Никогда ранее я не видел такого дружеского единения между человеком и вселенной.
Луна уже склонялась к своему ложу, совершенно круглая, бледно-зеленая. Невыразимая нежность охватила море.
Зорба бросил сигарету, пошарил в корзинке, достал нитки, катушки, небольшие кусочки дерева, зажег керосиновую лампу и снова стал испытывать канатную дорогу. Склонившись над этой несложной игрушкой, Зорба был поглощен своими расчетами, наверняка очень трудными, ибо он поминутно почесывал голову и чертыхался.

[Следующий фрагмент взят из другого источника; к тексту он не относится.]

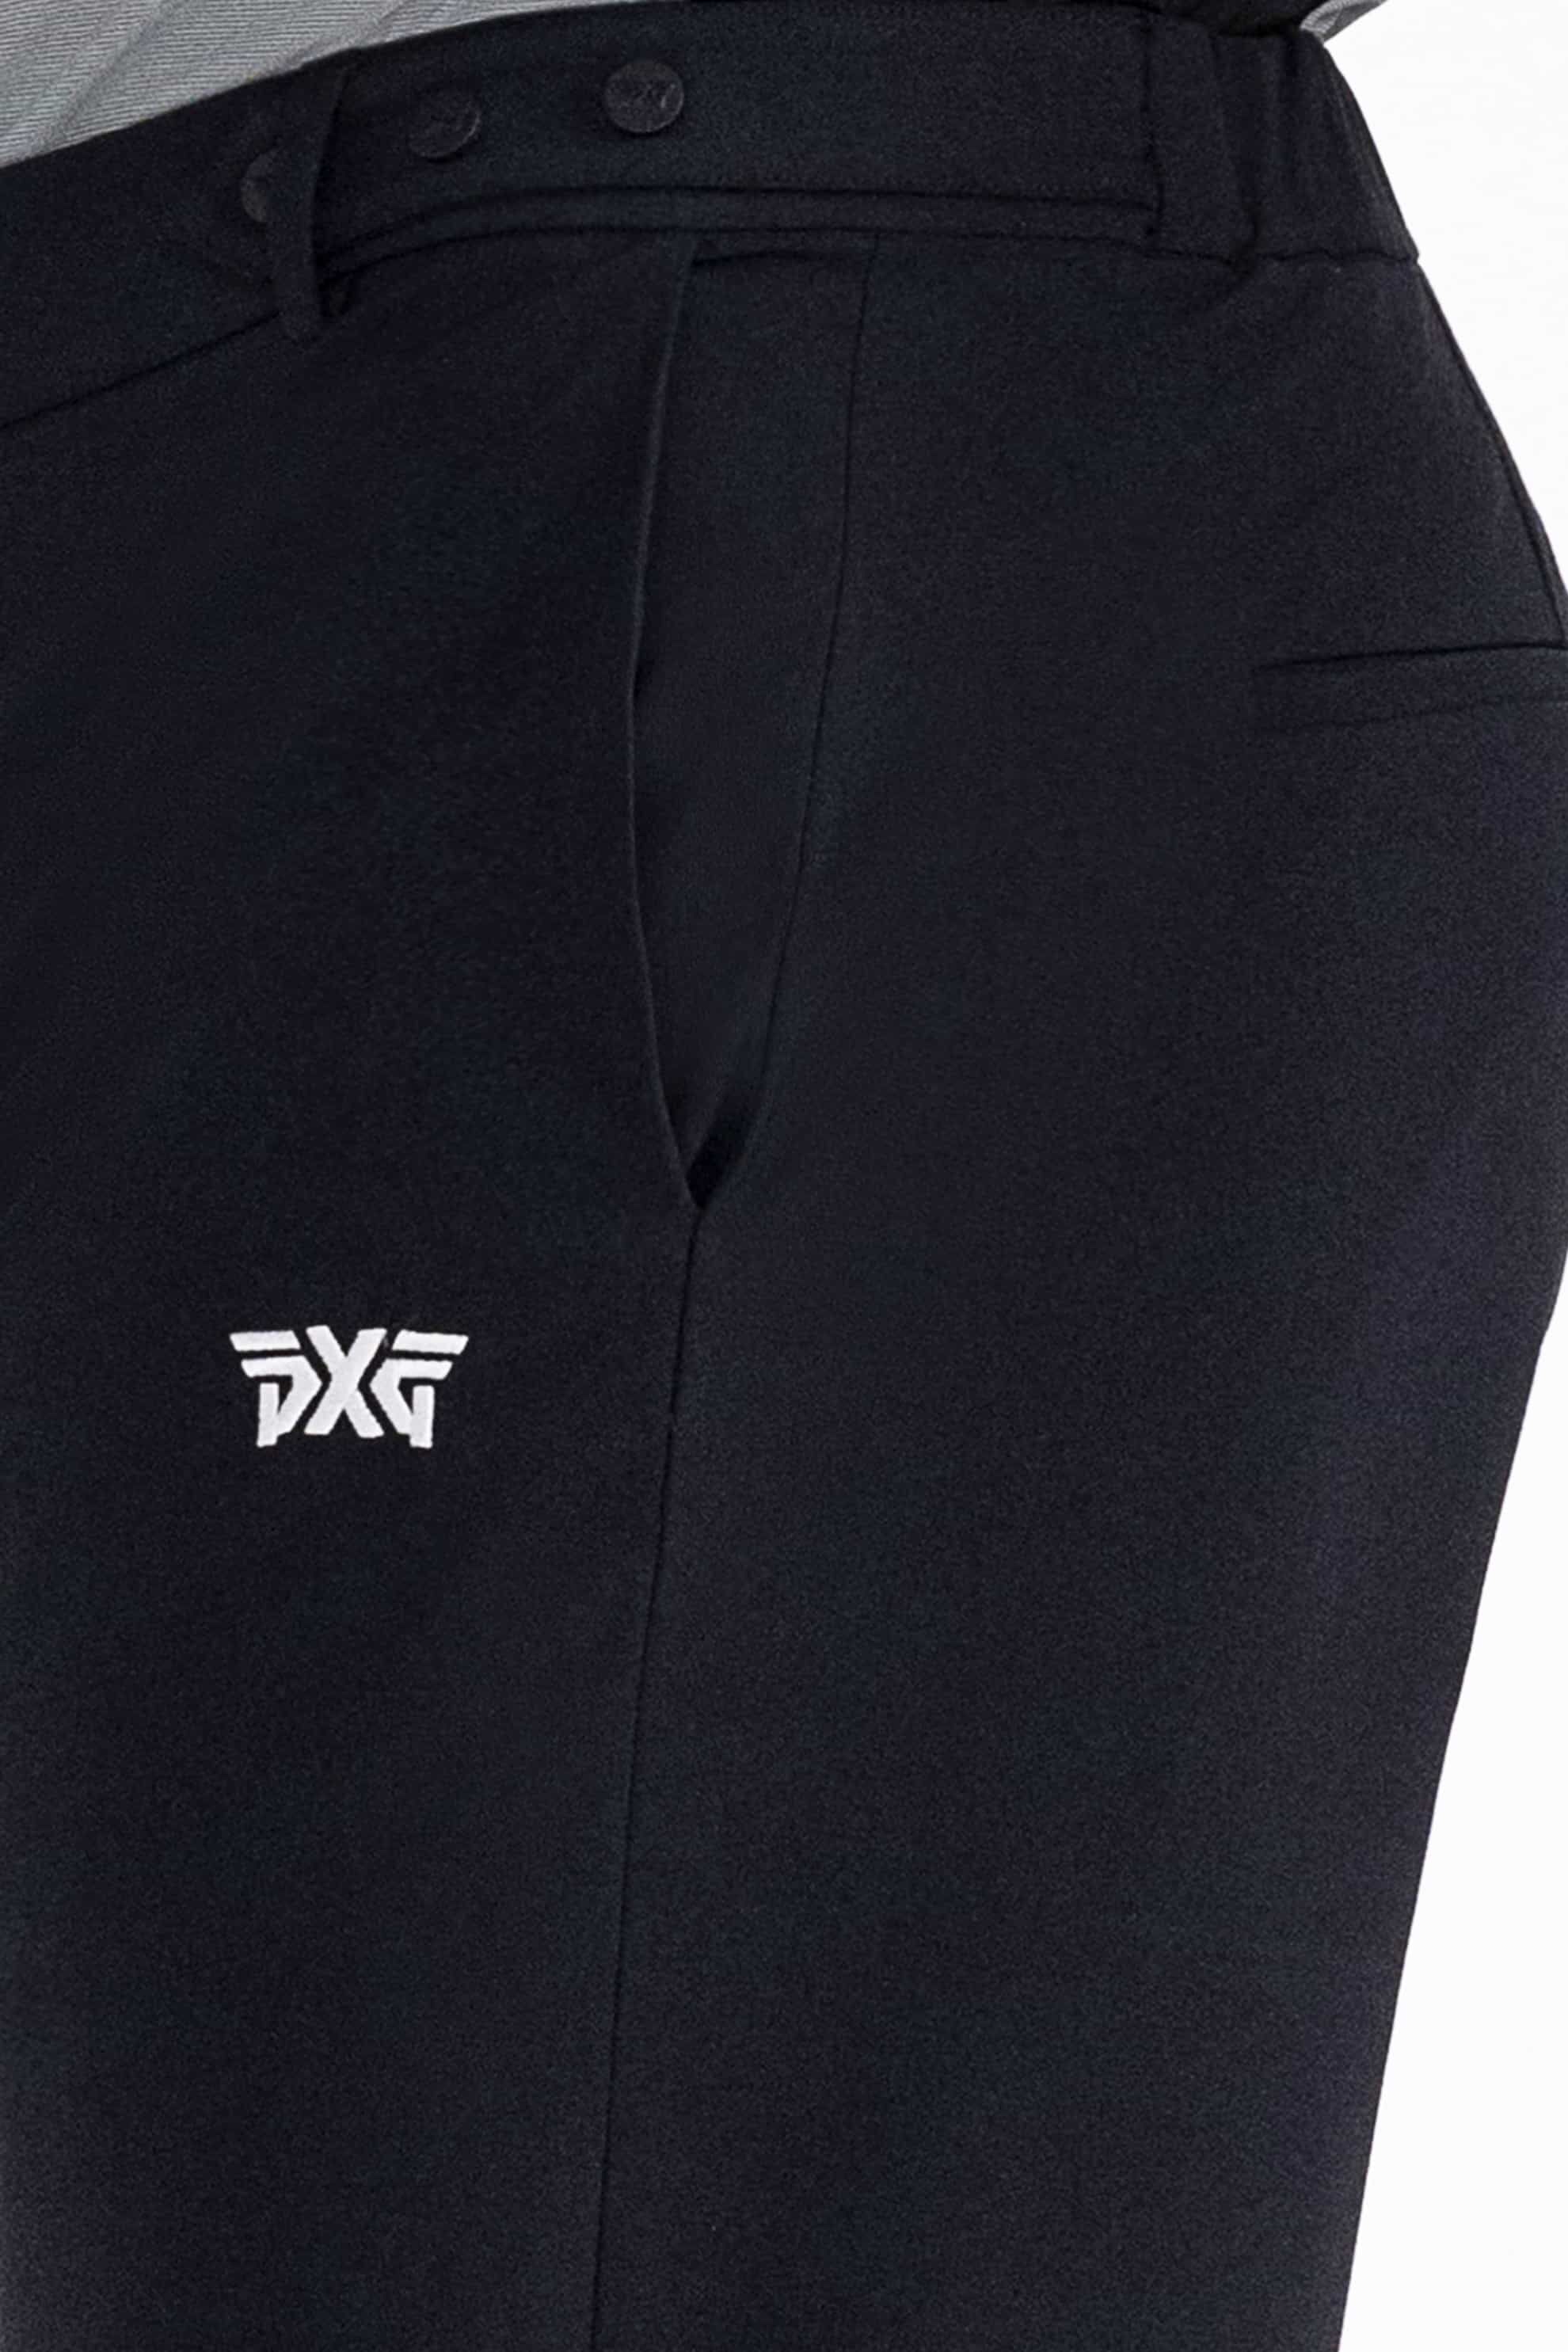 Classic Golfer Pants | Men's Golf Pants and Shorts | PXG

Вдруг ему все надоело, он двинул ногой, и канатная дорога развалилась.
12
Меня сморил сон. Когда я проснулся, Зорба уже ушел. Было холодно, и я не испытывал ни малейшего желания вставать. Протянув руку к небольшой книжной полке над постелью, я взял книгу, которую любил и всегда брал с собой: поэмы Малларме. Я читал медленно, наугад, закрывал книгу, вновь раскрывал, — ставил на место. В этот день впервые за долгое время мне все показалось безжизненным, лишенным запаха и вкуса. Пустые полинявшие слова повисали в воздухе, как дистиллированная вода, без микробов, но и без питательных веществ. Все было мертво. Мысли мои перескочили на религию, которая тоже потеряла свое созидательное начало; боги все чаще становятся поэтическим мотивом, годным лишь на то, чтобы скрасить одиночество души, или украшением стены. Тоже произошло и со стихами. Пылкое воображение, питаемое плодородной землей и семенами разума, тратится теперь на великолепную интеллектуальную игру с воздушной архитектурой, замысловатой и слишком сложной.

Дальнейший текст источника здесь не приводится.